(Given data begins)

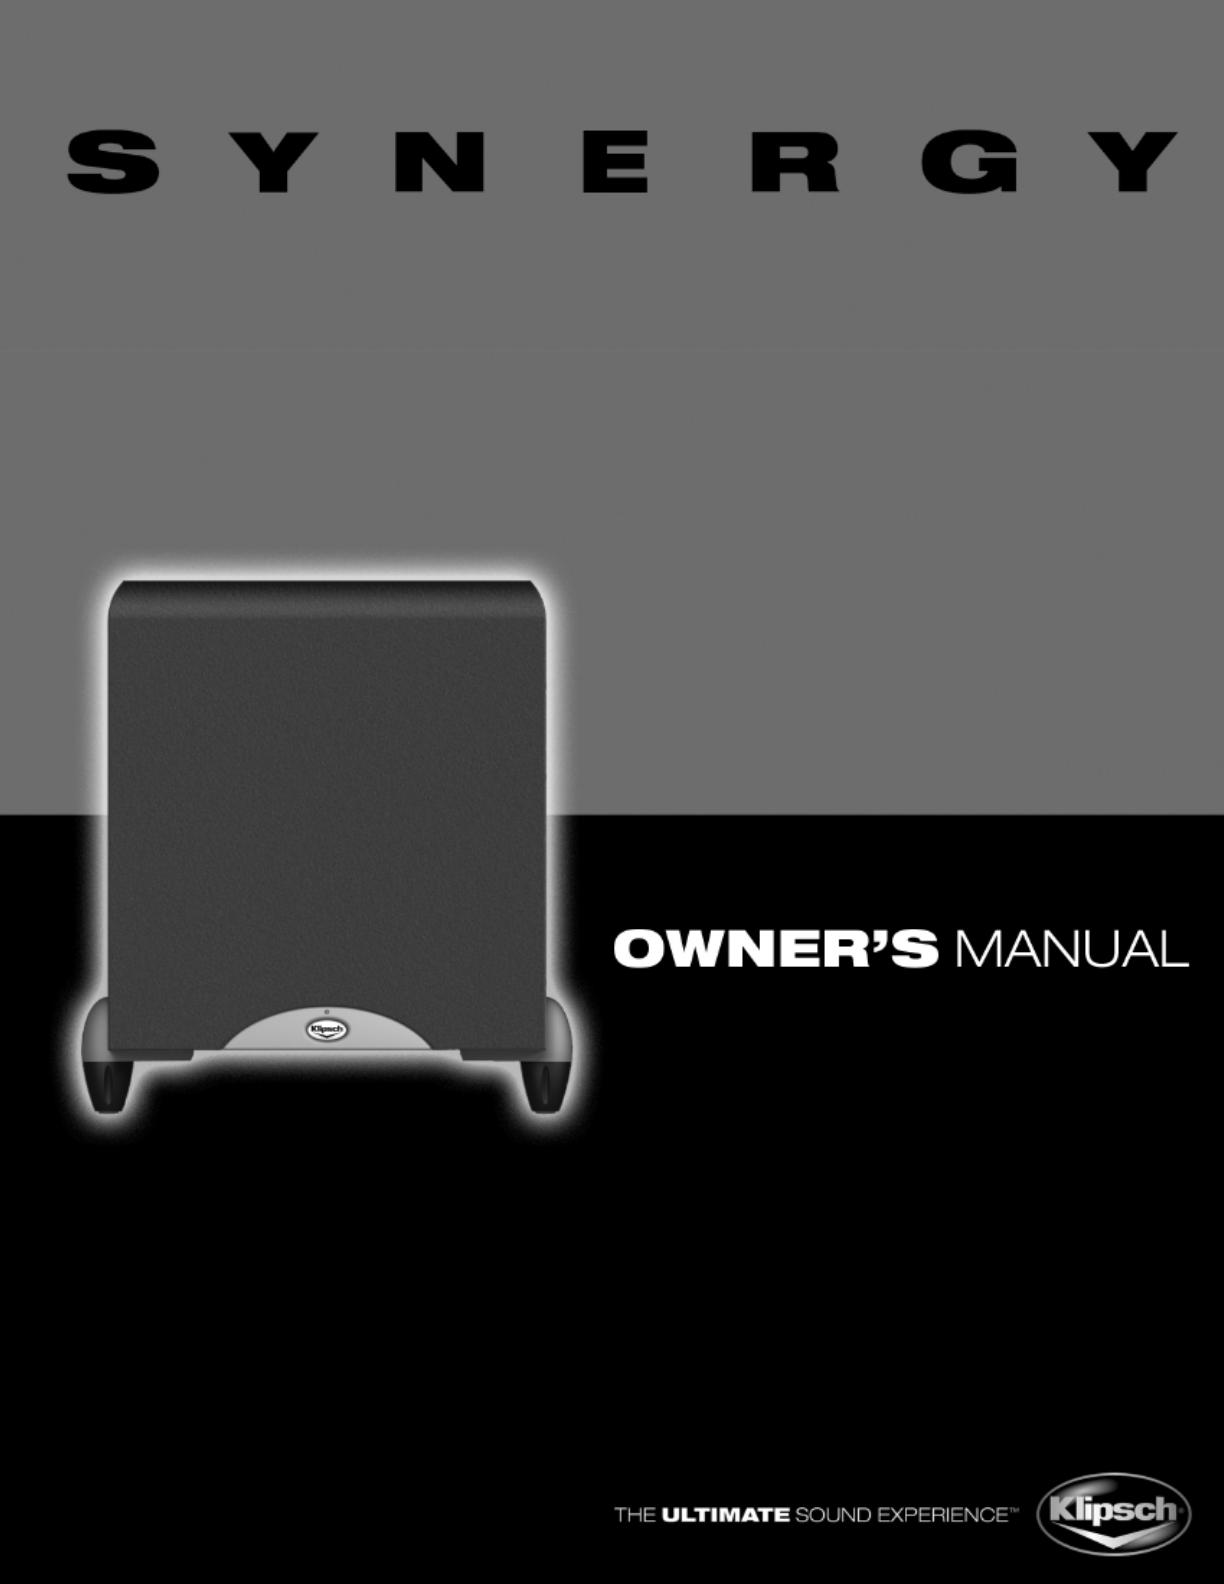 Klipsch SUB-10 manual on klipsch sw ii 8, klipsch synergy diagram 12, klipsch sub-12hg, klipsch ksw 10 manual, klipsch promedia 5 1 amp repair, klipsch thx computer connect to desktop, klipsch promedia v 2 400 repair,
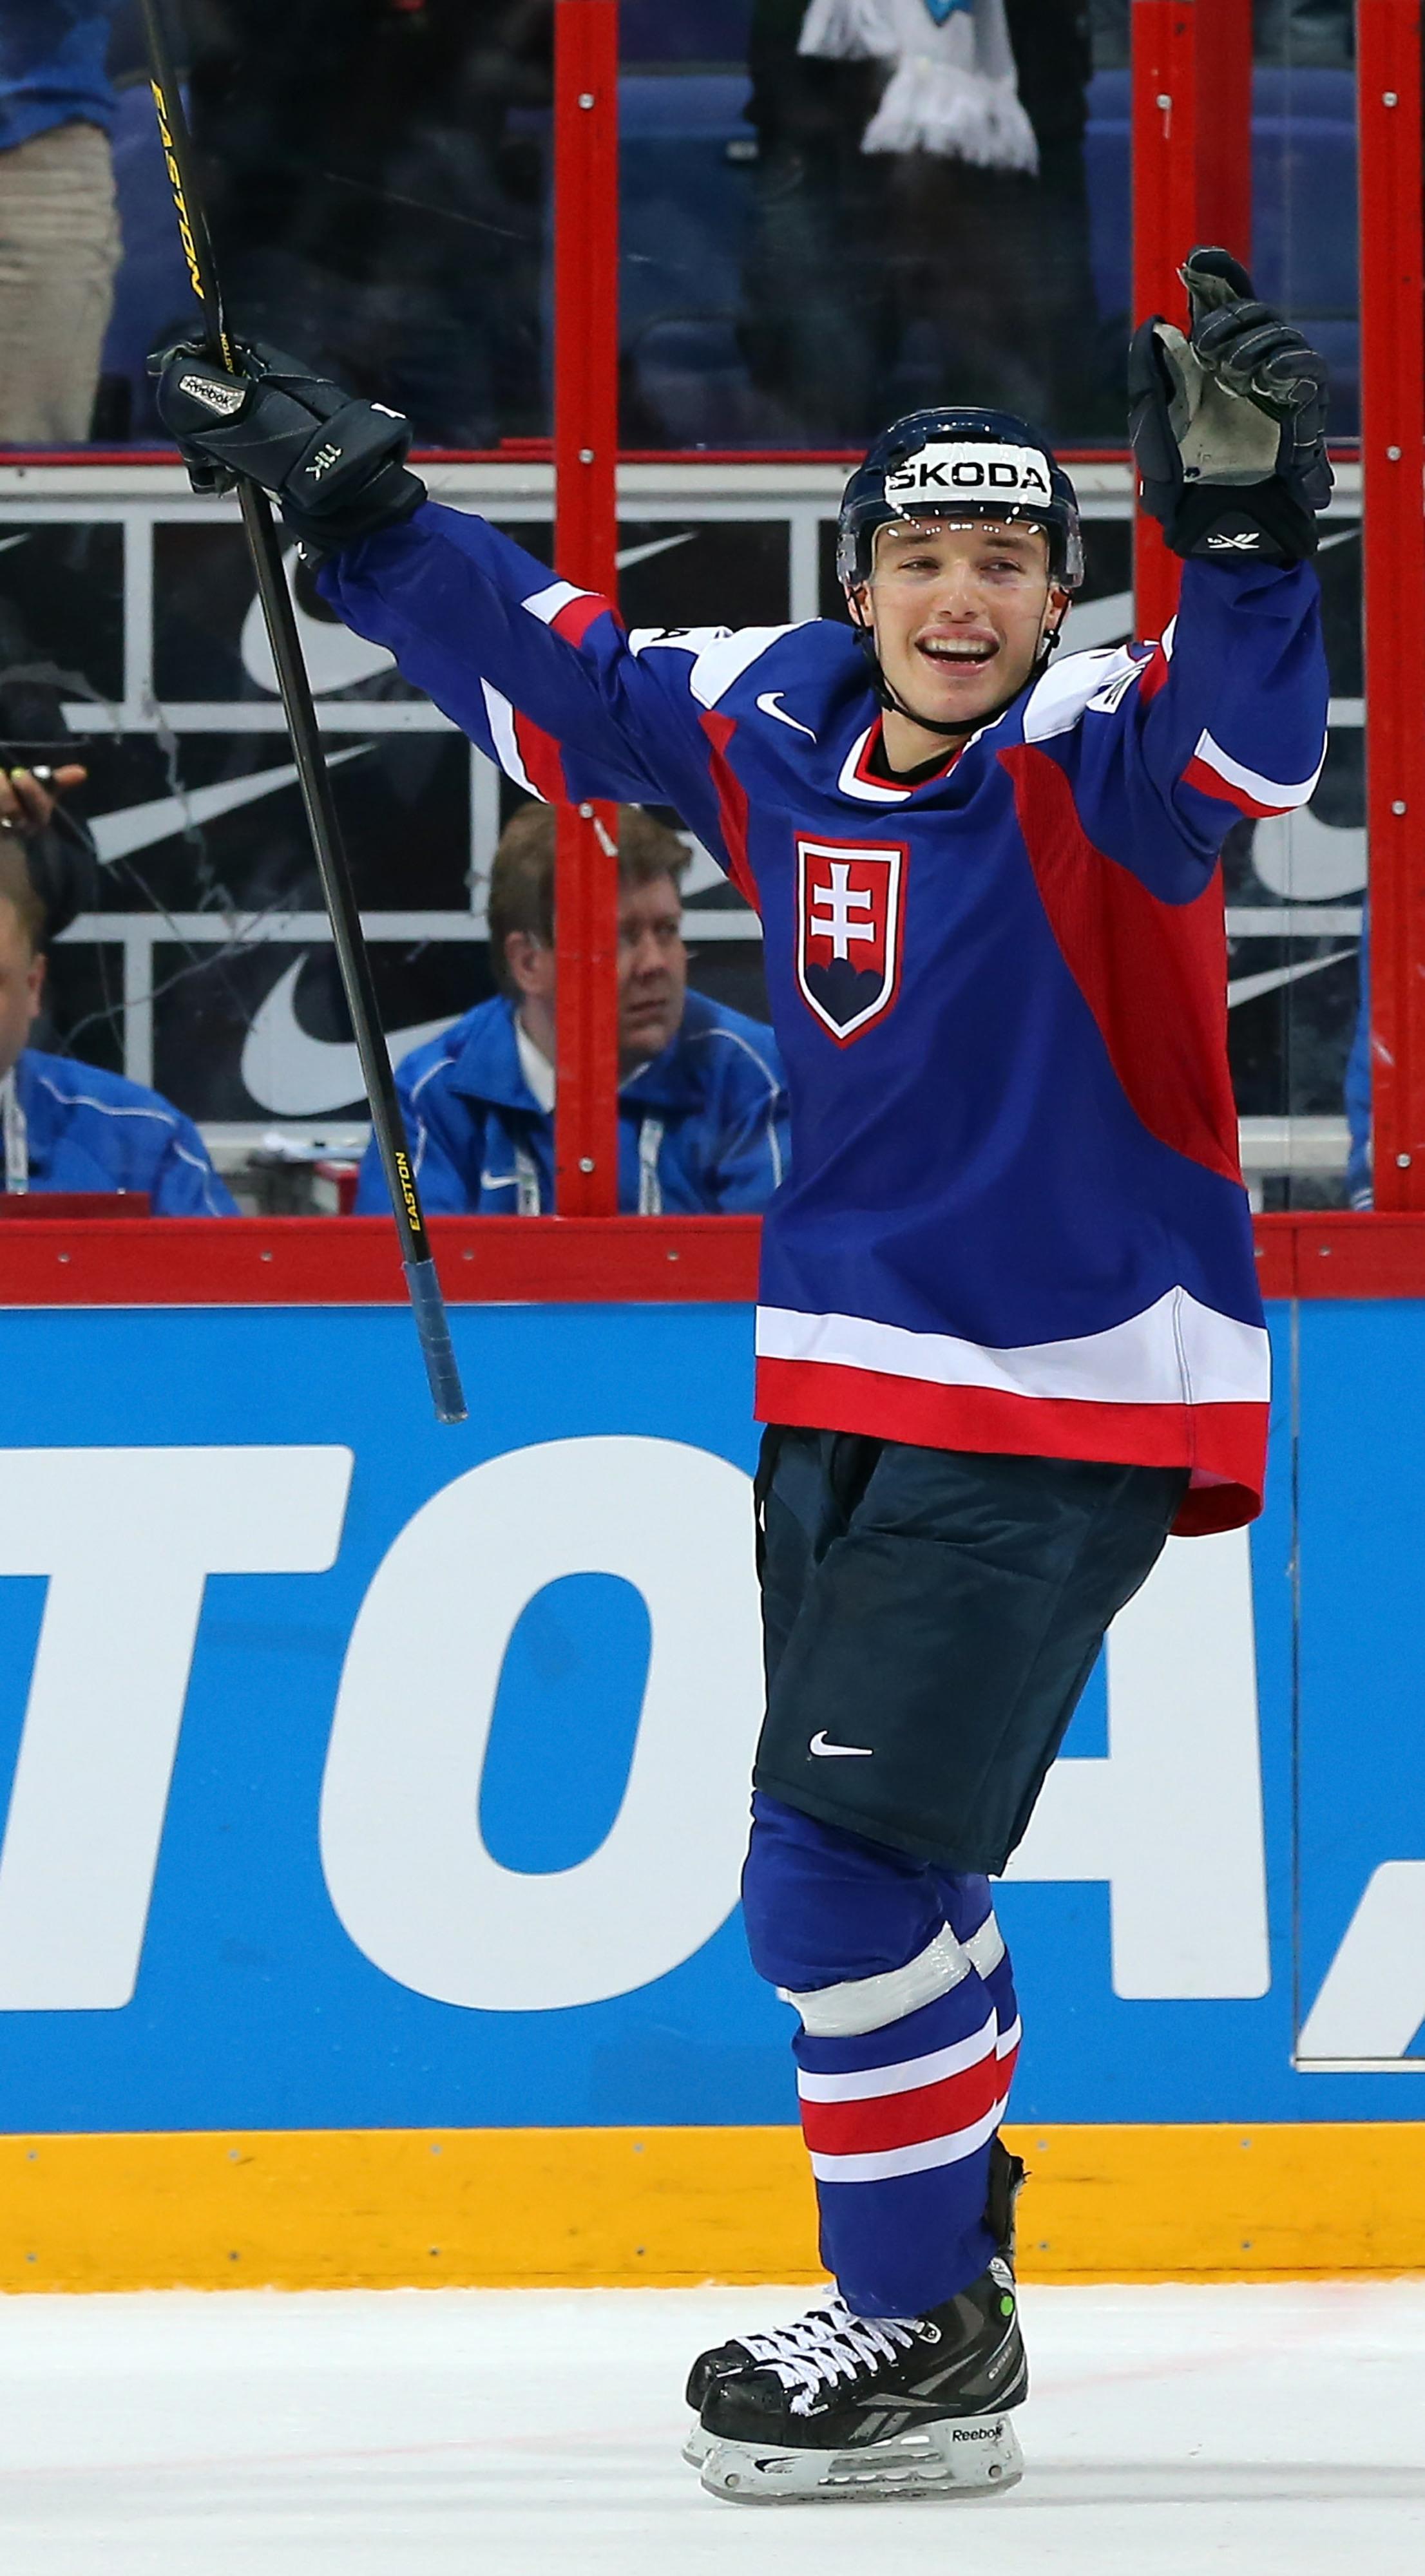 """Yay, Slovakia!"" Marko said (maybe)."
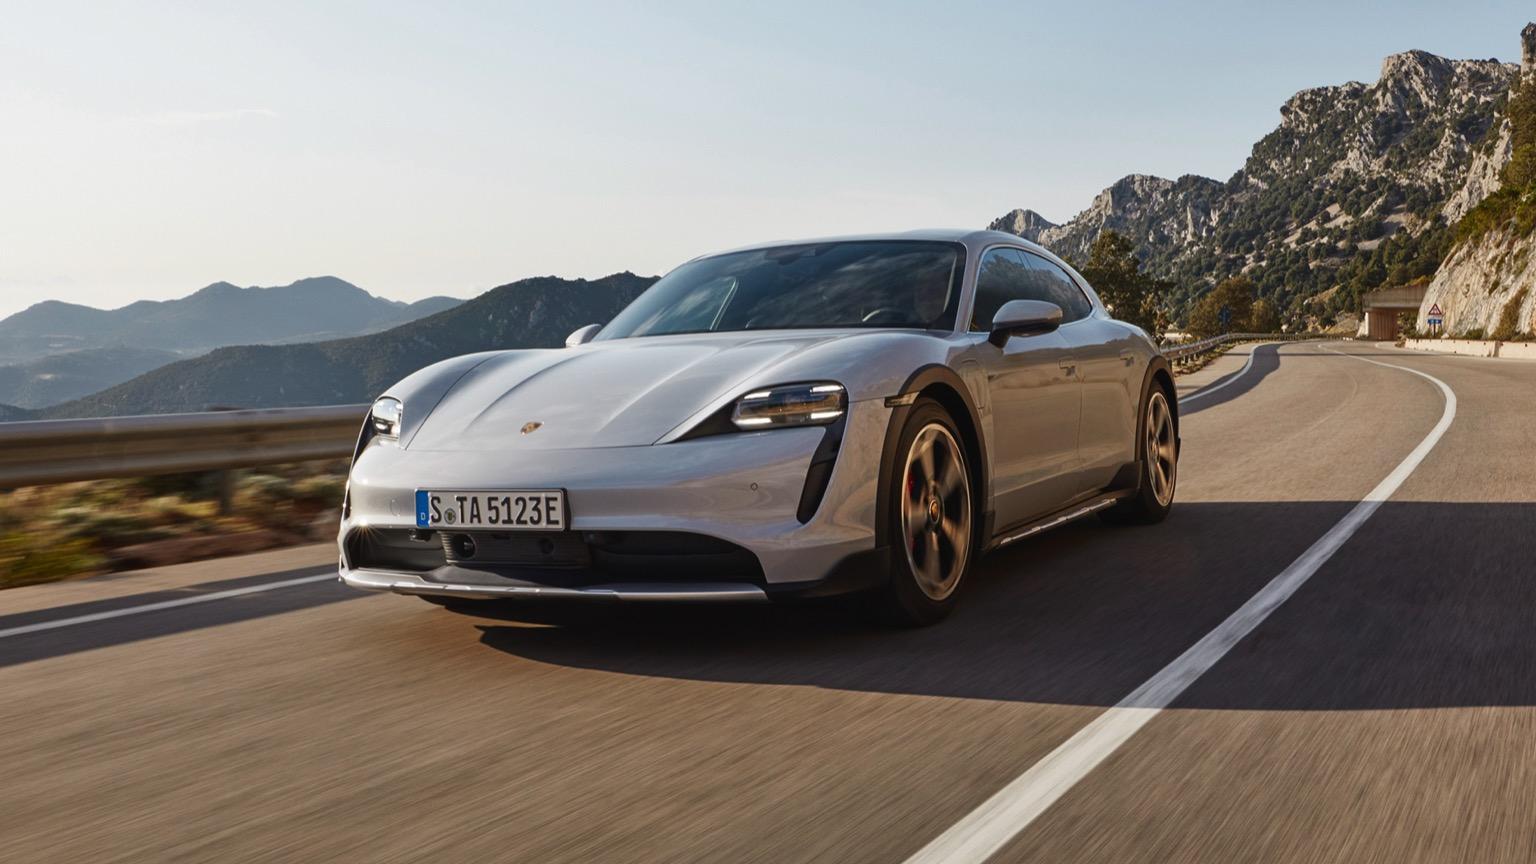 Porsche Taycan 4S Cross Turismo (2021)

(Given data ends)

Task requirements: Only the pictures are to be left out; restate everything else in the listing word for word.

Exercise answer:
 Klipsch SUB-10 manual on klipsch sw ii 8, klipsch synergy diagram 12, klipsch sub-12hg, klipsch ksw 10 manual, klipsch promedia 5 1 amp repair, klipsch thx computer connect to desktop, klipsch promedia v 2 400 repair,
 """Yay, Slovakia!"" Marko said (maybe)."
 Porsche Taycan 4S Cross Turismo (2021)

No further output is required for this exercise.